Small Data Challenges in Big Data Era: A Survey of Recent Progress on Unsupervised and Semi-Supervised Methods

Guo-Jun Qi; Jiebo Luo

ビッグデータ時代のスモールデータの課題：教師なしおよび半教師ありの方法に関する最近の進歩の調査

ディープニューラルネットワークの成功は、収集に費用がかかる大量のラベル付きデータの可用性に依存することが多いため、小さなラベル付きデータを使用した表現学習が多くの問題で発生しています。これに対処するために、教師なしおよび半教師ありの方法で、ラベル付けされたデータがほとんどない高度なモデルをトレーニングするために多くの努力が払われてきました。このホワイトペーパーでは、これら2つの主要なカテゴリのメソッドの最近の進歩を確認します。幅広いモデルが全体像に分類され、新しいアイデアの探求を動機付けるためにそれらがどのように相互作用するかを示します。変換の同変、解きほぐされた、自己監視あり、半教師あり表現の学習の原則を確認します。これらはすべて、最近の進歩の基盤を支えています。教師なしおよび半教師あり生成モデルの多くの実装は、これらの基準に基づいて開発されており、より強力な表現のためにラベルなしデータの分布を調査することにより、既存のオートエンコーダー、生成的敵対的ネット（GAN）およびその他の深いネットワークの領域を大幅に拡大しています。教師なし学習と半教師あり学習の本質的な関係を明らかにすることで新たなトピックについて説明し、将来の方向性として、教師なし学習の変換同変と教師あり学習の教師あり不変性の間のアルゴリズム的および理論的ギャップを埋め、教師なし事前トレーニングと教師あり微調整を統合することを提案します。。
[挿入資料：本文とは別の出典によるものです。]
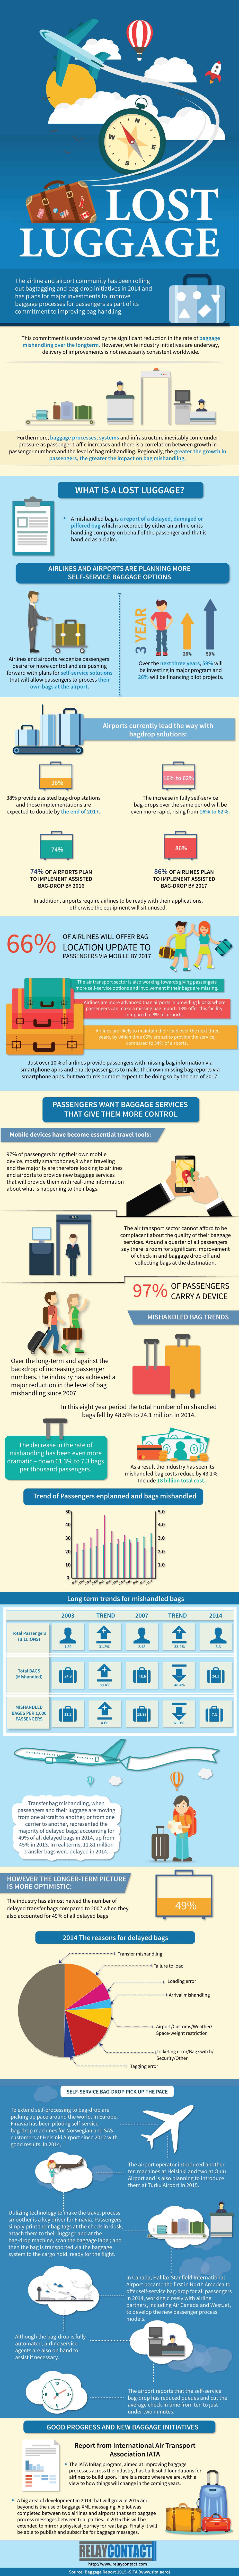 SITA 2015 Baggage Report: Lost Luggage

また、表現学習の変換とインスタンスの等分散性を統合し、教師なしおよび半教師ありの拡張を接続し、多くの学習問題に対する自己教師あり正則化の役割を調査するための将来の方向性について、より広い展望を提供します。

Representation learning with small labeled data have emerged in many problems, since the success of deep neural networks often relies on the availability of a huge amount of labeled data that is expensive to collect. To address it, many efforts have been made on training sophisticated models with few labeled data in an unsupervised and semi-supervised fashion. In this paper, we will review the recent progresses on these two major categories of methods. A wide spectrum of models will be categorized in a big picture, where we will show how they interplay with each other to motivate explorations of new ideas. We will review the principles of learning the transformation equivariant, disentangled, self-supervised and semi-supervised representations, all of which underpin the foundation of recent progresses. Many implementations of unsupervised and semi-supervised generative models have been developed on the basis of these criteria, greatly expanding the territory of existing autoencoders, generative adversarial nets (GANs) and other deep networks by exploring the distribution of unlabeled data for more powerful representations. We will discuss emerging topics by revealing the intrinsic connections between unsupervised and semi-supervised learning, and propose in future directions to bridge the algorithmic and theoretical gap between transformation equivariance for unsupervised learning and supervised invariance for supervised learning, and unify unsupervised pretraining and supervised finetuning. We will also provide a broader outlook of future directions to unify transformation and instance equivariances for representation learning, connect unsupervised and semi-supervised augmentations, and explore the role of the self-supervised regularization for many learning problems.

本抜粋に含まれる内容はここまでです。